The following settings shouldn’t change at all, but if the values on the software don’t match the values on the patch clamp amplifier then it’s a good thing to check:
· Acquire -> Edit Protocol -> Acquisition Mode -> set to “Gap Free”
-> Trial Length -> set to “Use available disk space”
-> Sample rate -> set to 1000 Hz (the digitiser won't go any higher)
· Configure -> Lab Bench -> In #0 (current) set units to pA, set scale factor to 0.001
-> In #1 (voltage) set units to mV, set scale factor to 0.01
Using WinEDR (Bay 3 + 4):
Before you do any recording, you will need to do the following:
Prepare patch clamp amplifier:
Most of the fixtures on the front of the patch clamp amplifier aren’t relevant to doing electrophysiology in DHBs. Below are the important ones. Best to check they’re all set correctly before you begin recording.
· Offset set to 5 mV (you may need to adjust this once you start recording to counterbalance electrical drift)
· Under “Meter” switch to VHOLD/IHOLD to see applied potential on the display. Set it to a low value to begin with, so you can ramp it up once you start recording.
o This can be switched to “I” to check if the currect matches what’s shown on the computer screen
o IRMS tells you the root mean squared value of the current (a good indication of noise)
· Under “commands” section
o Switch to 1x (not 5x)
o Switch below that one to “OFF”
o External command to “OFF”
· Under “mode” select V-Clamp
· Under “Config” select Whole Cell β=1
· Set “output gain” to x1
· Set “Lowpass Bessel filter” to 1 kHz (This won’t actually make a difference in bay 6 because the digitization rate is already 1 kHz, so applying a finer filter is pointless)
· Set “Leak subtraction” to ∞
Stabbing a droplet
This can be tricky at first, and takes some practice. Only do this when everything else is ready.
· Position the electrode over the well containing the droplet you wish to stab and lower it using the micromanipulator until the tip touches the surface of the oil that fills the well.

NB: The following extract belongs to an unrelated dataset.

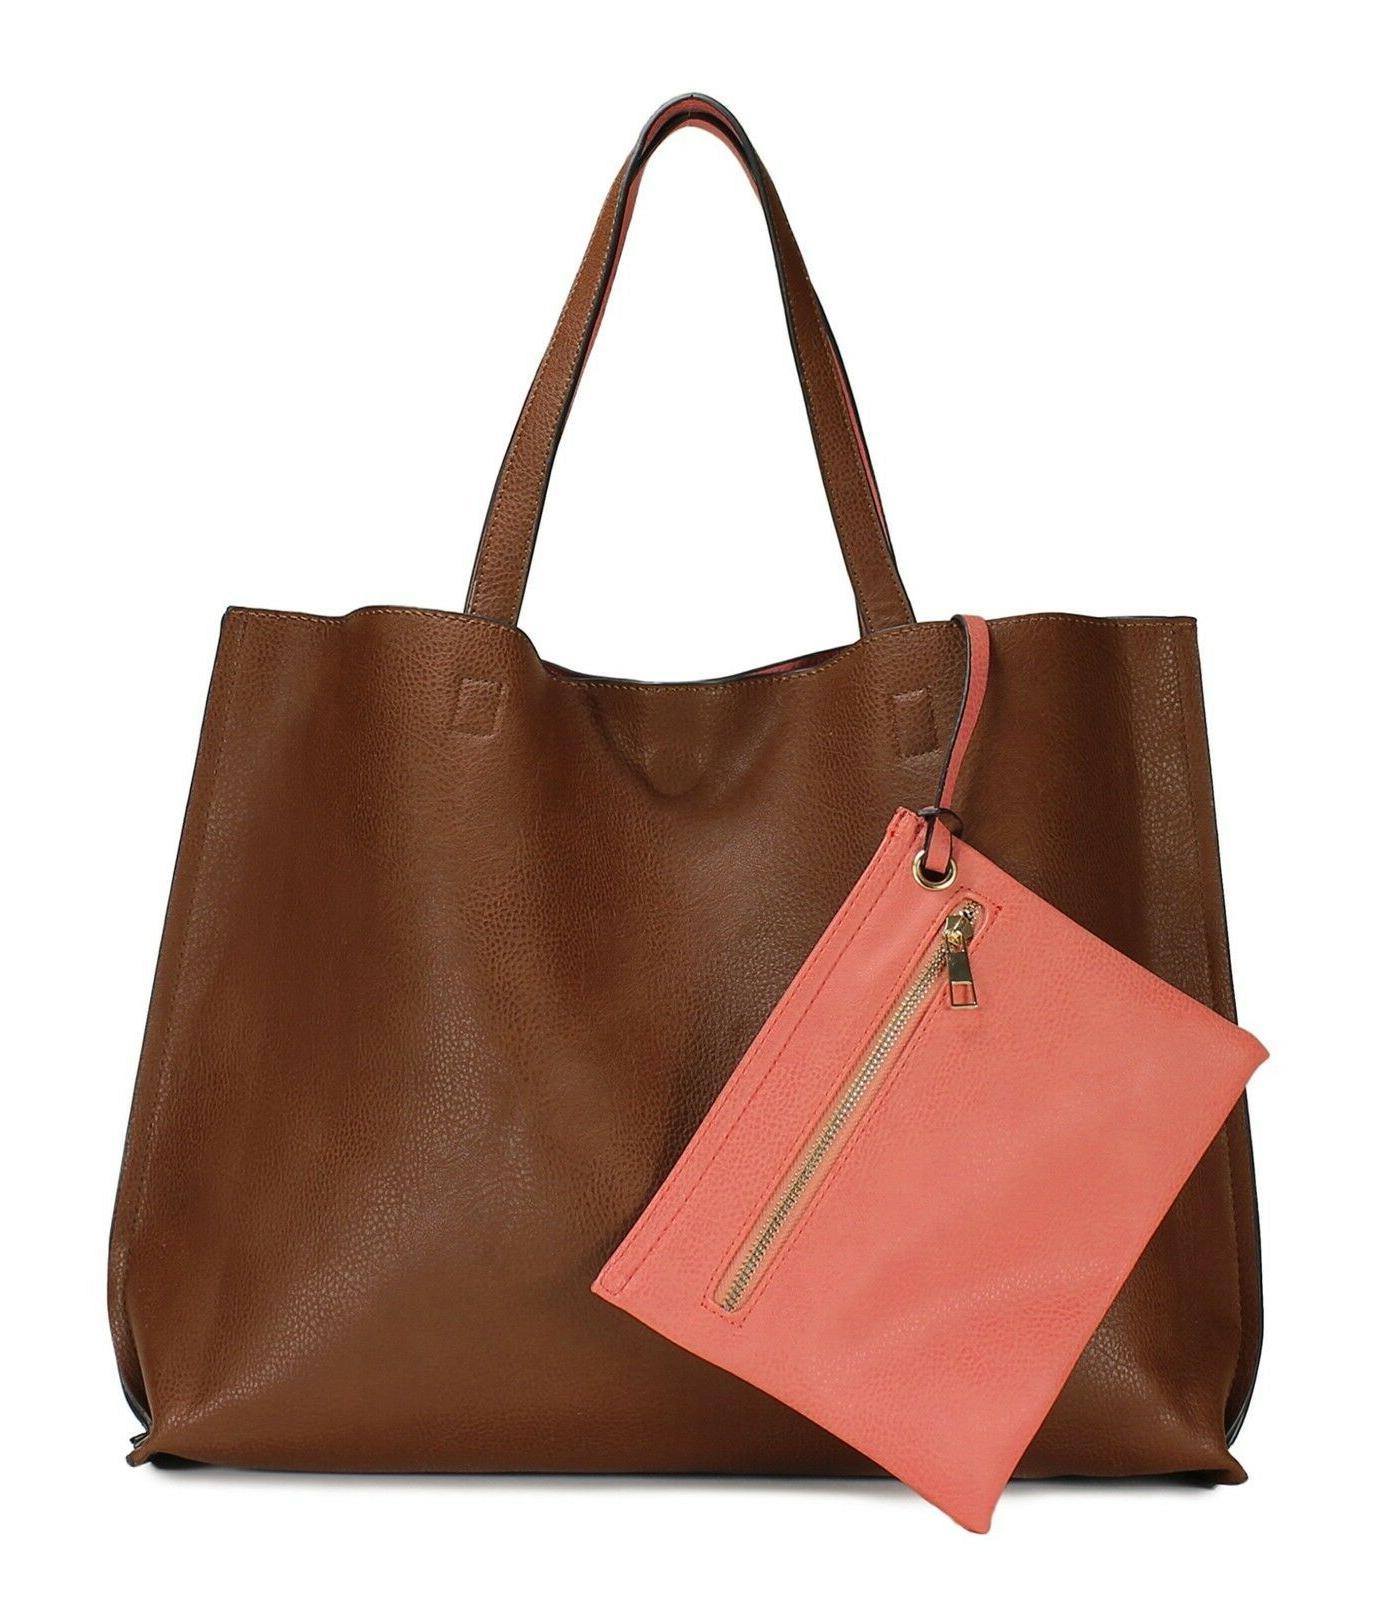 Scarleton Stylish Reversible Tote Bag H18420452 - Brown/Cora

· Bay 6 only: Turn off the microscope light and switch off at the mains (this will drastically reduce noise, and must be done before droplet is stabbed otherwise the jolt is likely to rupture the bilayer). In one hand, point the torch down at the device so that you can easily see the bilayer and a dark shadowy blob where the electrode is. You may need to adjust the angle the torch is held at, and move the electrode in the X-Y direction until you can clearly see where it is.
· Position the electrode over the centre of the droplet and slowly lower it downwards (turning the micromanipulator Z-control in a clockwise direction brings it down). You may need to adjust X and Y as the tip of the electrode becomes clearer.
· When you touch the top of the droplet with the electrode, the droplet will wobble very slightly. When this happens, slowly move the electrode in X or Y beyond the edge of the droplet. If the circular droplet is deformed by doing this, or the droplet translocated, then you are in. If not, move back into the centre of the droplet and go down a little further.